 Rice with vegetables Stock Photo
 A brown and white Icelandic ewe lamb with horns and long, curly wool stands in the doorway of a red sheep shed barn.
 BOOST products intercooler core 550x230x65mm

==

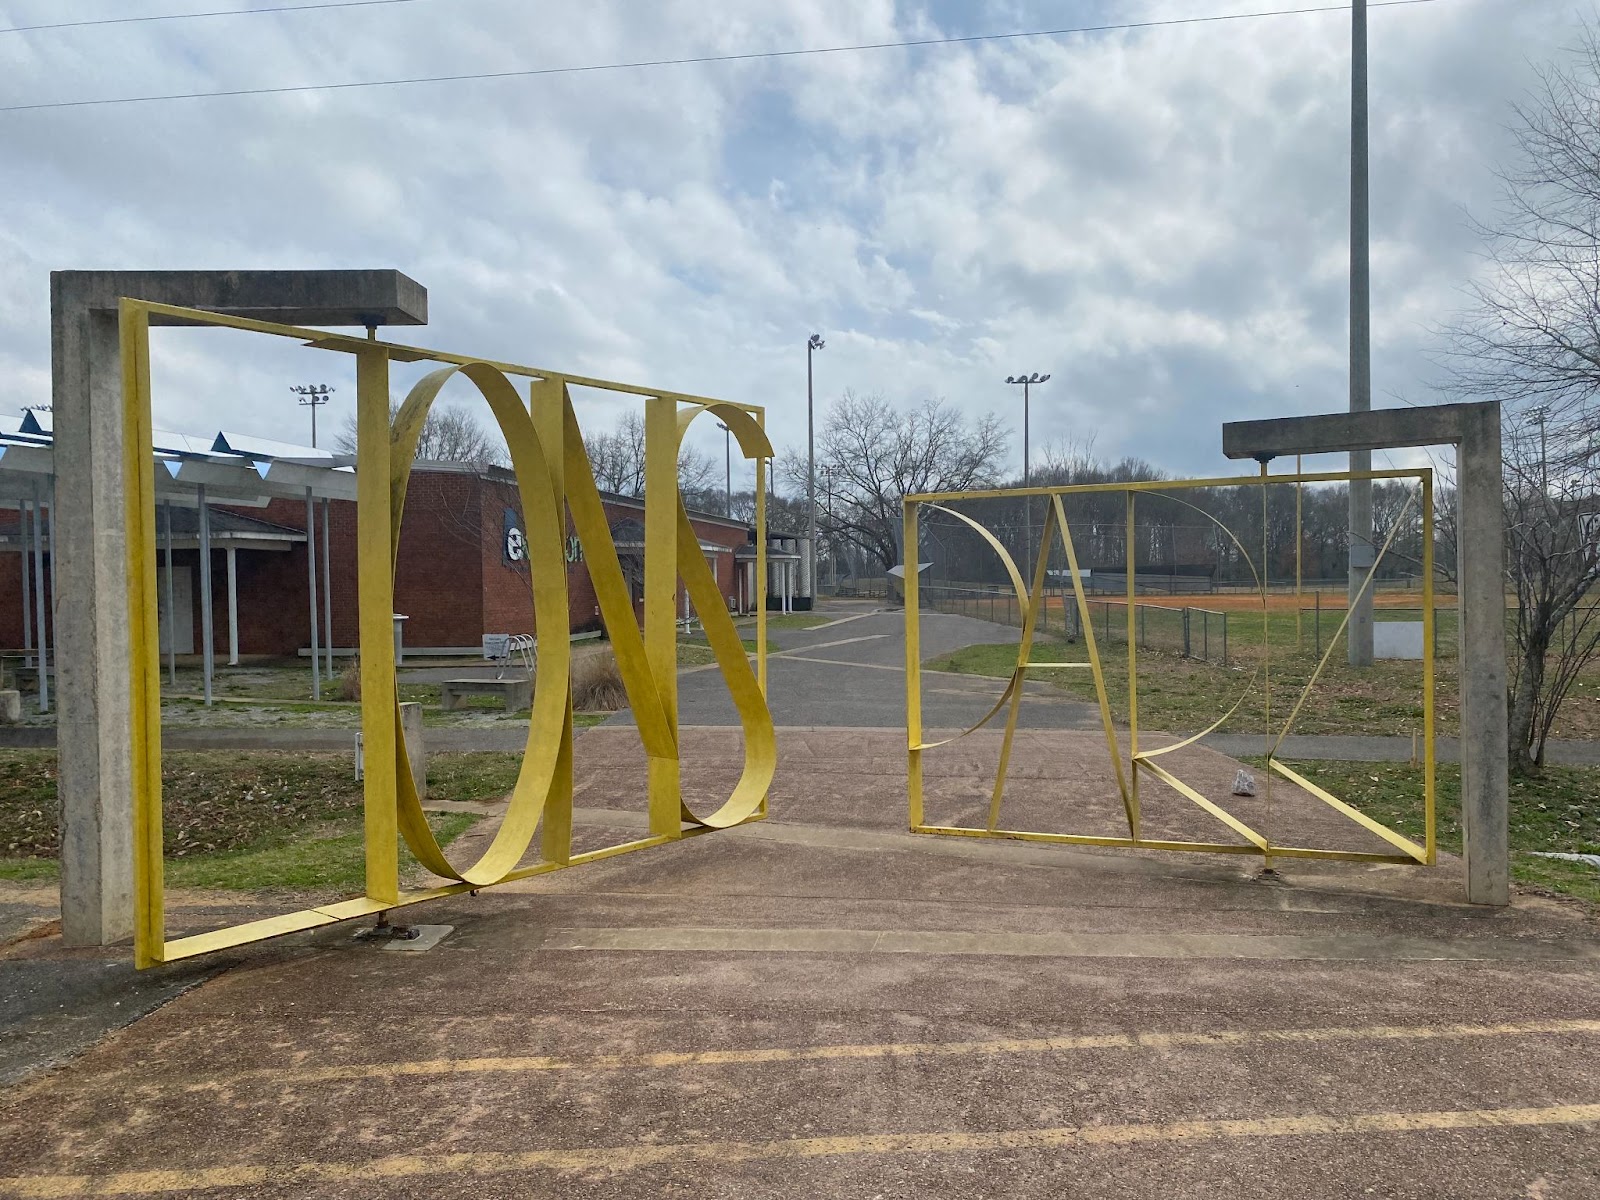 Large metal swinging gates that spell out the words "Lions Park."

- _Required action_: Looking at the entries above, can you reproduce exactly the lines from the one that holds "Rice with vegetables Stock Photo" through the one that holds "BOOST products intercooler core 550x230x65mm", and only those?

- _Answer to this problem_:
 Rice with vegetables Stock Photo
 A brown and white Icelandic ewe lamb with horns and long, curly wool stands in the doorway of a red sheep shed barn.
 BOOST products intercooler core 550x230x65mm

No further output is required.